L’auspicio della fine dei conflitti vuole dire fare della politica nazionale e sovranazionale uno strumento di ricalibratura delle stesse società cui si riferisce e dismettere, ad esempio, l’economia di guerra che, da qualche anno a questa parte, è la regola nuova (e antica al tempo stesso) non soltanto delle vecchie (si fa per dire) potenze mondiali ma, più ancora, di quelle emergenti che si posizionano in uno scacchiere davvero innovativo sul piano dei rapporti globali.
Non si può, parlando di pace, disarmo e fine dell’economia di guerra, non fare riferimento esplicito alla decrescita come pietra angolare di una rivalutazione tanto del marxismo quanto del comunismo, riportando anzitutto quest’ultimo alle origini quasi pre-marxiane: la caduta dell’Unione Sovietica, ormai quasi quarant’anni fa, ha certamente trascinato con sé per lungo tempo lo stigma dell’ideologia franata sulle rovine del totalitarismo, dell’incistamento burocratico di Stato.
Se la risposta scontata dei liberisti moderni è tanto pregiudiziale quanto ipocritamente falsa, ossia che quello e solo quello fosse il comunismo, allora abbiamo proprio in questa asserzione la dimostrazione del fatto che, invece, concetti socialismo e socialità, uguaglianza e solidarietà, giustizia sociale e libertarismo non sono costringibili nelle asfittiche perimetrazioni di un Novecento collassato su sé stesso e largamente travisato nei suoi sinceri slanci anticapitalisti.
Proprio perché si vorrebbe ancora oggi attribuire a Marx l’etichetta di un cattivo maestro che non poteva non subire quella torsione autoritaria sul piano prettamente pragmatico dell’istituzionalismo tout court, le spinte antropocentriche di un liberismo che tutto interpreta merceologicamente e solo al servizio della “superiore” specie umana non lascerebbero adito a nessuna ipotesi alternativa: tanto al marxismo condannato dalla Storia, quanto al comunismo come movimento di liberazione non solo umana ma anche animale ed ambientale.
Qualcuno ha molto acutamente scritto che, oggi, coloro che seguono le teorie di Marx pensando e cercando il modo di migliorare la condizione globale e locale degli esseri viventi e del pianeta medesimo, hanno bisogno della decrescita e così, allo stesso tempo, questa per potersi affermare come nuovo stile di declinazione dei bisogni mediante una nuova ratio produttiva, ha bisogno di Marx.
Il punto in questione è duplice, uguale e contrario al tempo stesso: il capitalismo moderno, per essere adeguatamente compreso e criticato senza se e senza ma, necessita come competitor di un anticapitalismo che non sia la riproposizione stanca delle icone del passato, ma l’attualizzazione di una aggiornata “critica della critica critica” e di una “negazione della negazione” che rimetta in circolo il conflitto tra capitale e lavoro, tra possessori dei mezzi di produzione e detentori della sola forza-lavoro come strumento di sostentamento personale.

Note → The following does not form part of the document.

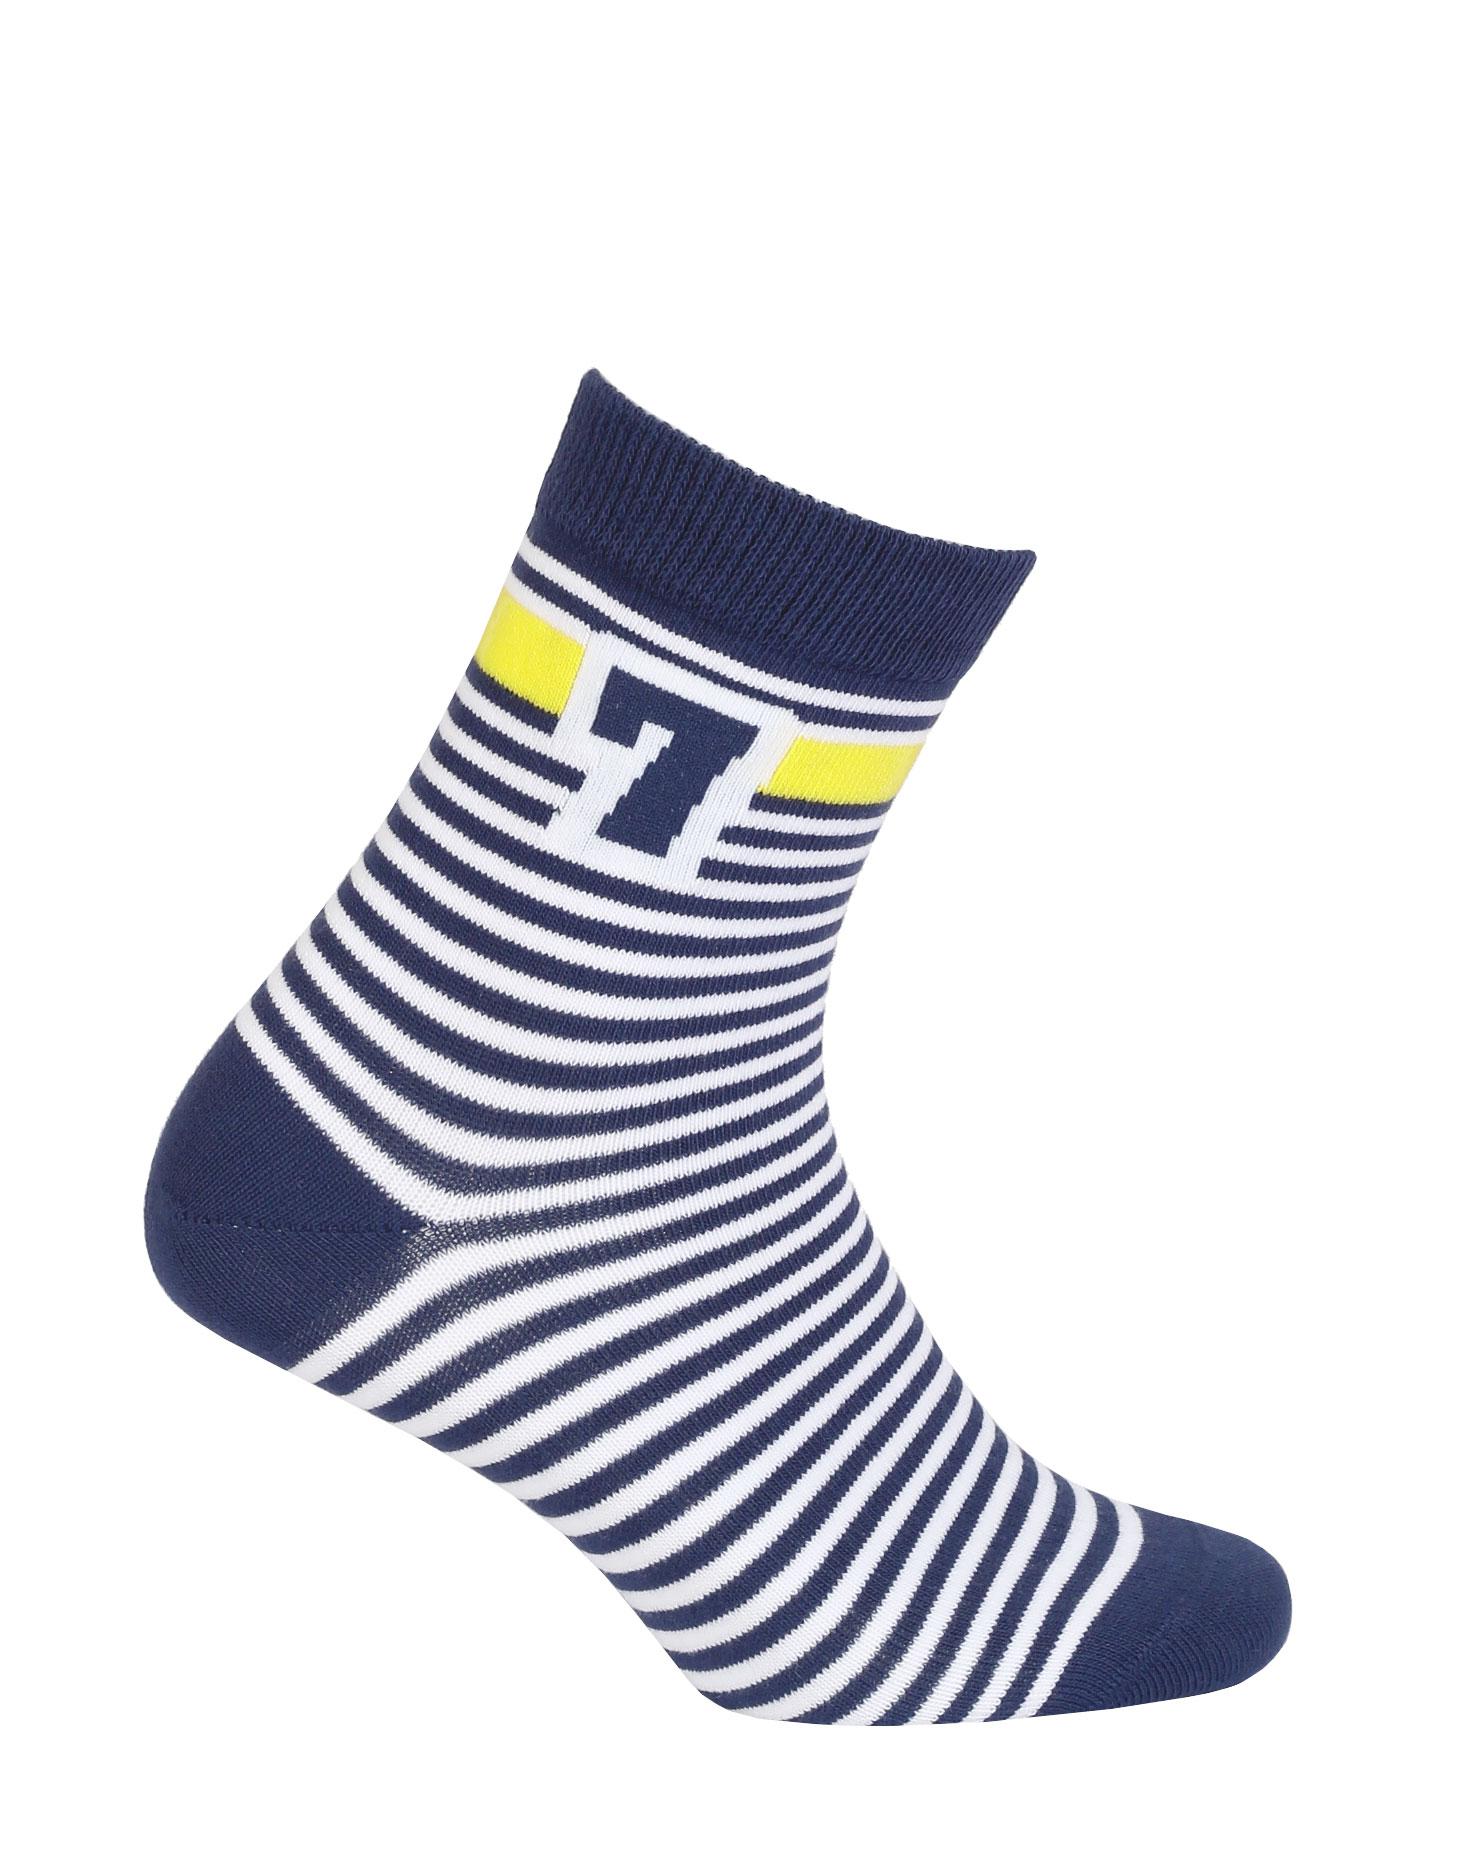 dětské ponožky vzor WOLA SEDMIČKA 21-23

Questa riabilitazione di Marx e del marxismo è, quindi, anzitutto antidogmatica ed esclude qualunque presa in carico del Moro su un livello di analisi teorica avulsa dalla realtà; non possiamo, dunque, considerare oggi la cassetta degli attrezzi come un insieme di strumenti da contemplare o da imitare. Possiamo invece domandarci, come avrebbe fatto proprio Marx, come la realtà oggi si dispone davanti ad una proposta di alternativa netta e decisa: qual è la percezione che le persone hanno nel momento in cui si cita loro il comunismo?
La risposta più facile è sempre quella che si sente dare da qualche decennio a questa parte: è un ferrovecchio del passato, una ideologia che ha provocato decine di milioni di morti, costruito sistemi statali oppressivi e, quindi, si tratta di un fallimento globale consegnato al recente passato, ma pur sempre tale. Un anacronismo, un usato tutt’altro che sicuro, improponibile tanto oggi quanto domani.
Non si può negare che chi persegue la “visione condivisa“, una sorta di pacificazione storico-attualistica della memoria e dei rapporti di forza tra le classi indirizzata alle magnifiche sorti e progressive del capitalismo neoliberista, sostiene la dirittura quasi etico-civica della teoria rappresentata dal famoso acronimo TINA (“There Is No Alternative“): chi è strutturalmente complice, perché ne incarna l’essenza prima, dei disastri che il sistema produce ogni disgraziato giorno, non può non escludere che si possa partire, ad esempio, dalla decrescita per una nuova sostenibilità globale.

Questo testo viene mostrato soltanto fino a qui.